[PROBLEM DETAILS] Using the records that appear below, write out exactly the lines from the one with "Crossfit Gym LED Neon - Multi-Color" through the one with "High Ridge, NH Second Floor Plan (5624)", keeping both end lines.

[THE DATA]
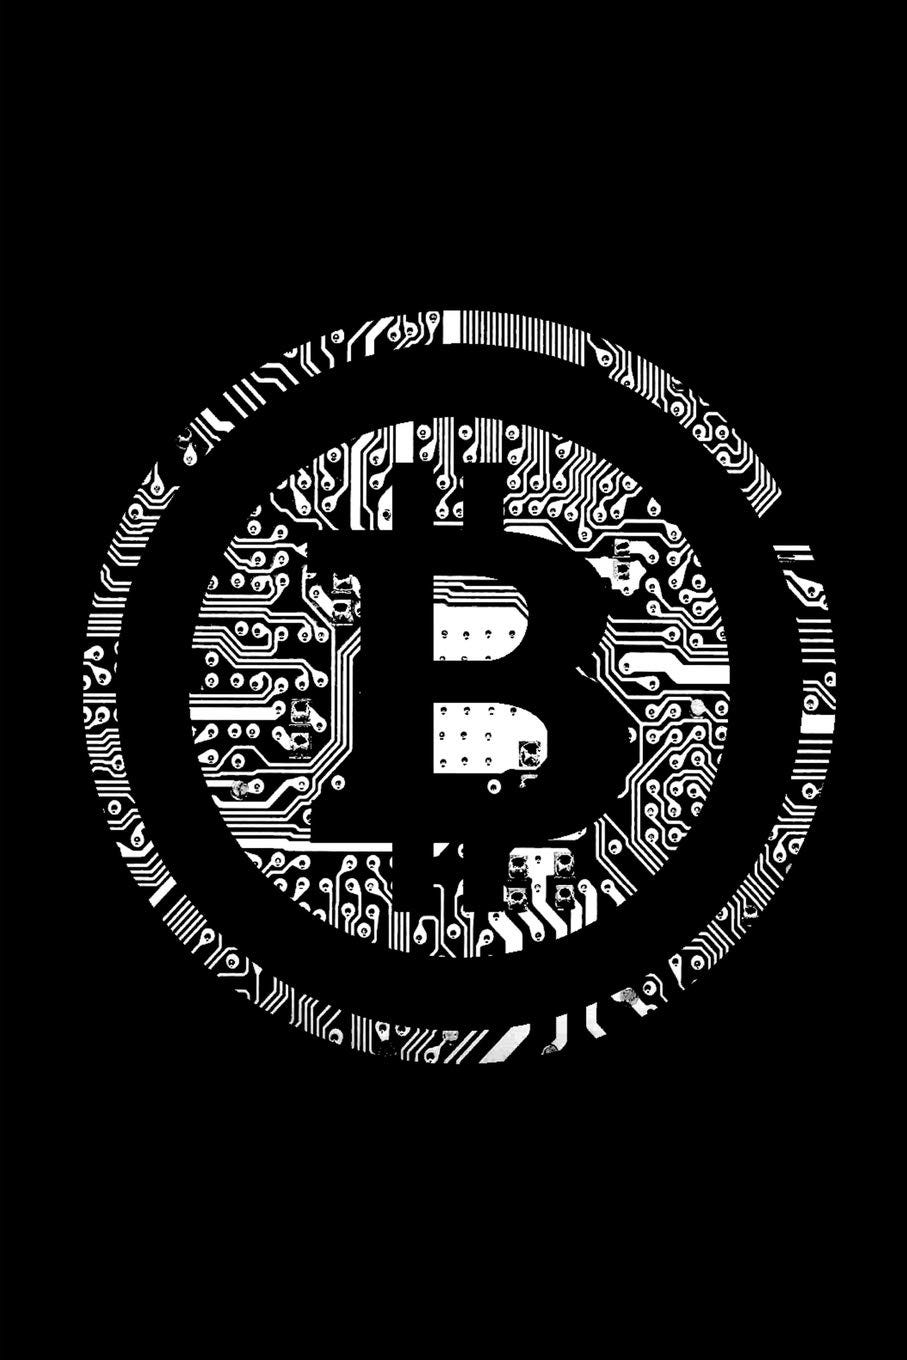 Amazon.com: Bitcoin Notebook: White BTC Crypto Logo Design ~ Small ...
==
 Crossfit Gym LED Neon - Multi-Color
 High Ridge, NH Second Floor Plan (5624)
==
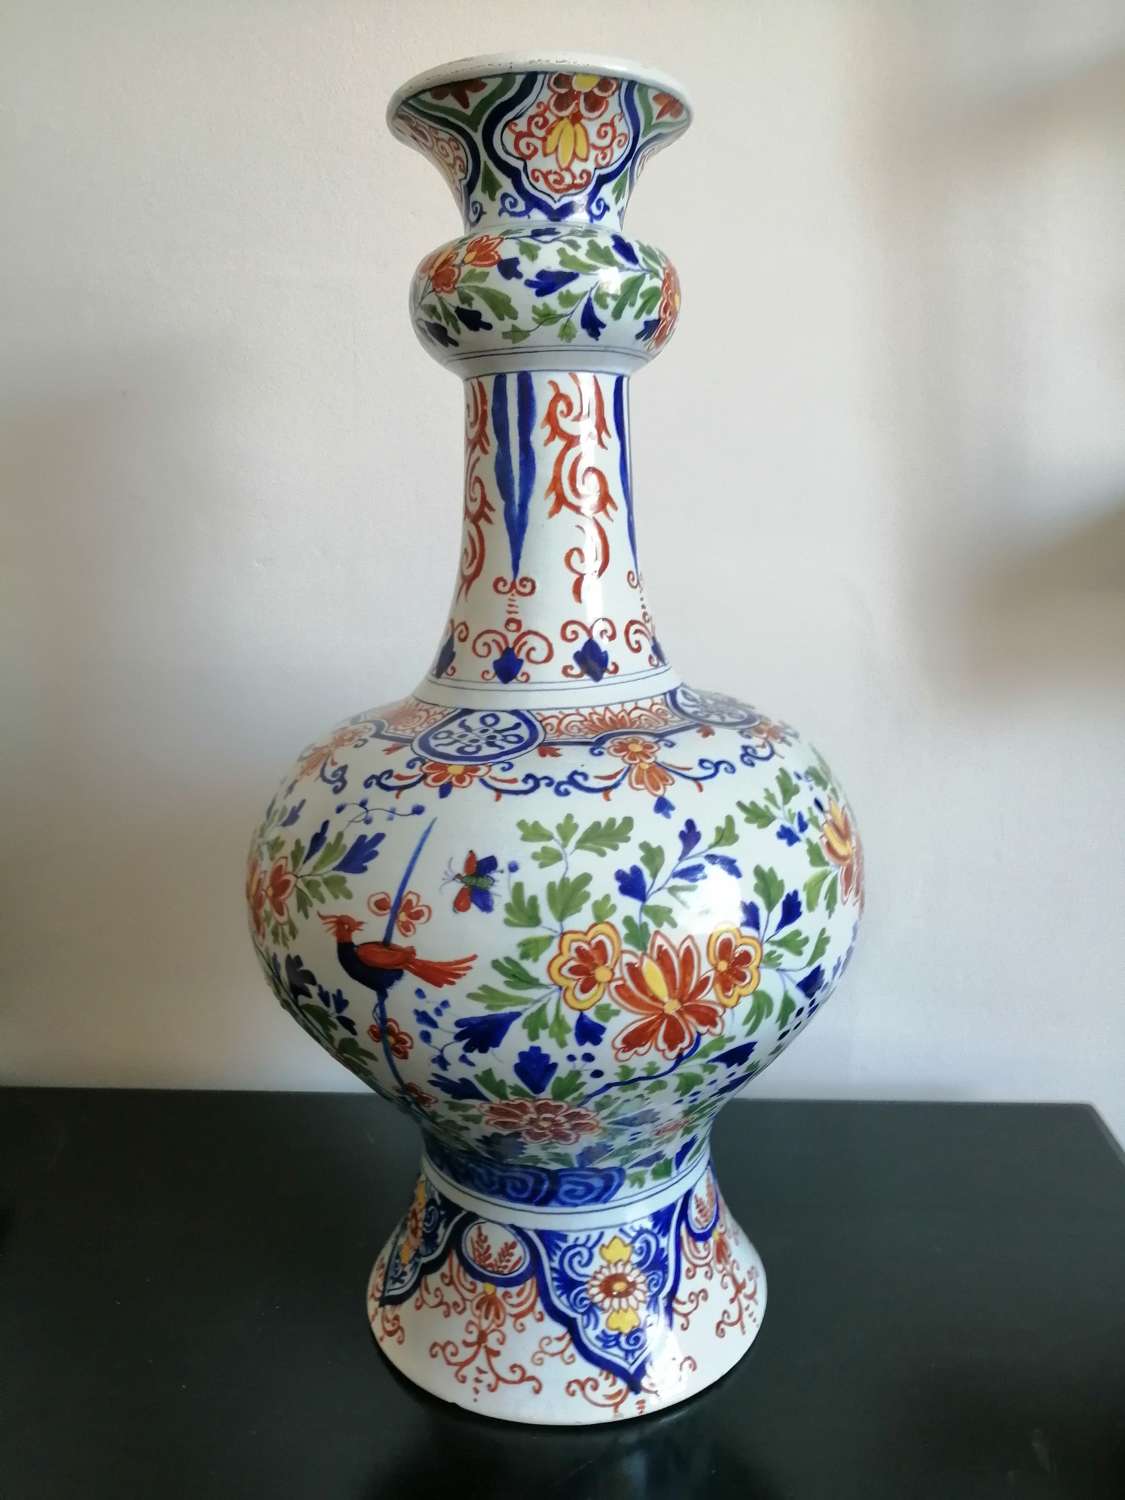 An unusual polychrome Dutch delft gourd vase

[YOUR RESPONSE]
 Crossfit Gym LED Neon - Multi-Color
 High Ridge, NH Second Floor Plan (5624)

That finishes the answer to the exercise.